The media focus on the mobilisation of men largely missed that in principle it captures many women too. Since 17 December 2021 “women between 18 and 60 who are “fit for military service” and work in a broad range of professions are required to register with Ukraine’s armed forces”. A reservist surge capability in case of war, women between “20 and 40 can be mobilized for military service as regular soldiers, and from 20 to 50 years of age for service as officers”.
Serving in the Ukrainian military since 1993, womens’ roles expanded after 2014. In 2018 women became officially eligible to serve in most combat roles. They have been facing the same problems as women in other armed forces, such as sexism, bullying, sexual harassment or assault. Some male service members struggle to accept their presence as permanent, not an emergency measure, a further obstacle to integration familiar from other armed forces. Yet, by 2020 women represented 15.6 per cent of Ukrainian armed forces and by March 2021 nearly 22.5 per cent.
This reflects changes in attitudes toward and improvements in the reputation of the military since 2014. It is also linked to a process that led to the 2018 establishment of legal equality between female and male service members.
In 2015 serving women and veterans, supported by civilian experts, UN Women and the Ukrainian Women’s Fund, started a multi-year project called Invisible Battalion. With a focus on women who participated in “counter-terrorism operations” in eastern Ukraine between 2015 and 2017, it aimed to systematically identify discrimination and overturn laws regulating military service rooted in patriarchal gender norms.
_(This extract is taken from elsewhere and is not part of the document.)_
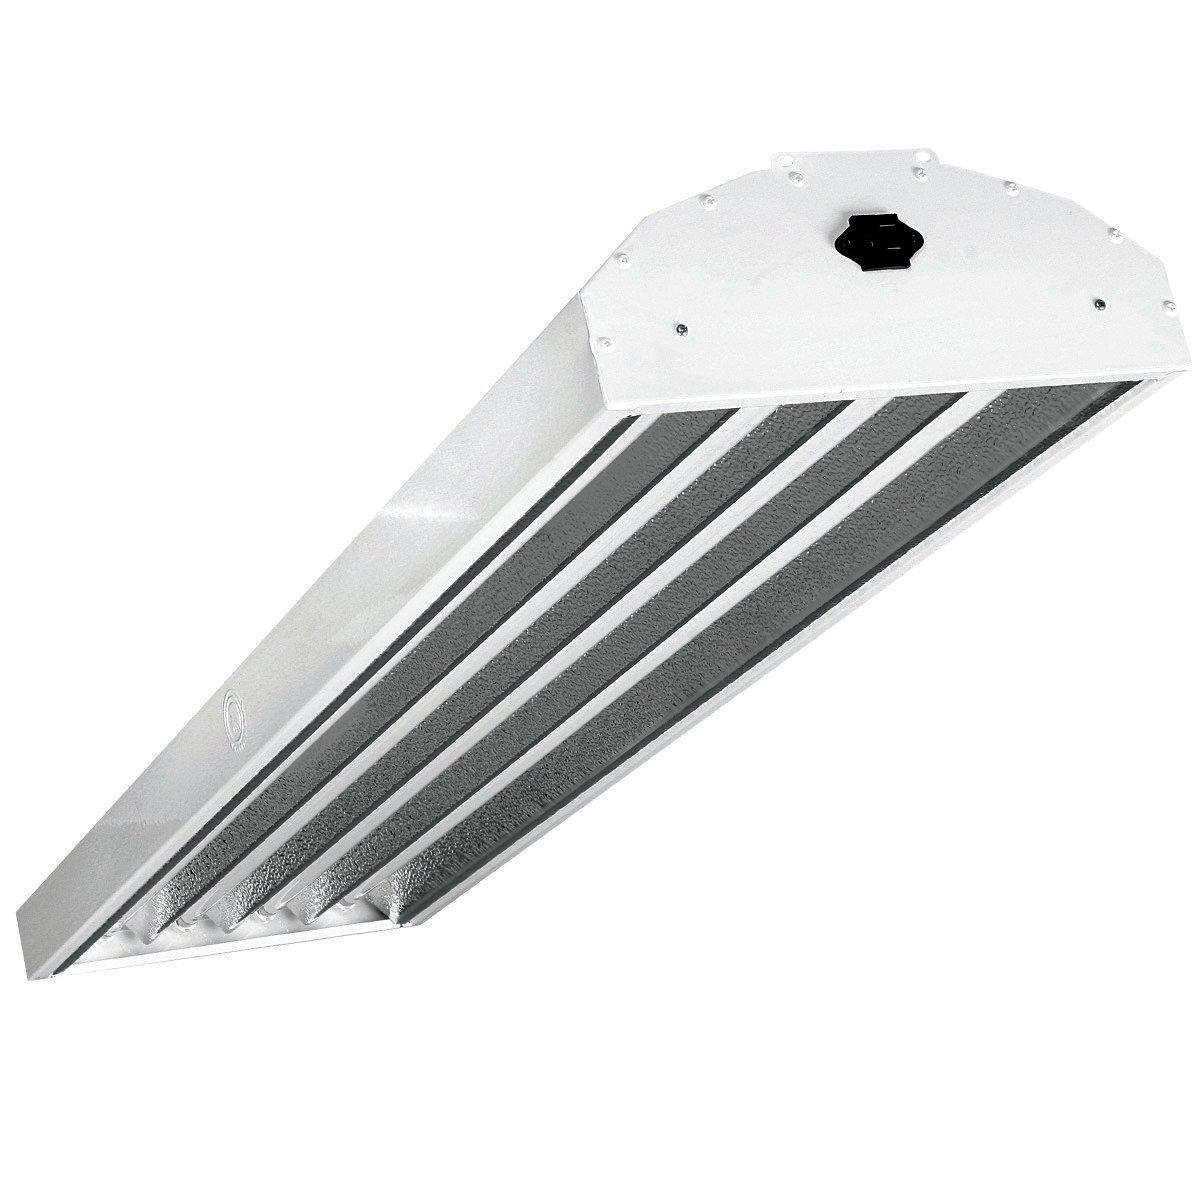 Cheap 8 Lamp T5 Fixture Find Deals On Line At Ft 2lamp 120volt Residential Electronic Ballast For 21 28watt Get Quotations Maverick Sun Fmother4f4l Mother Ho Fluorescent 4 Feet

Women who were de facto serving in combat roles could de jure only be classified as administrators or tradespeople. They were deprived of career opportunities, including being barred from studying at military academies until 2019. Without official non-combatant status, they were denied full legal protection in war and, potentially, support as veterans. The women of Invisible Battalion have been instrumental in changing many of these inadequacies.
When we look beyond stereotypes, we see that the agency of Ukrainian women in the face of extreme challenges and traumatic events is diverse and abundant. Portraying women as helpless victims reduces them to passive recipients, and undermines their dignity. Rendering invisible those women who do not conform to dominant gender stereotypes hurts their dignity just as much. Meaningful public discourse and policy that brings about valuable long-term support, avoids both.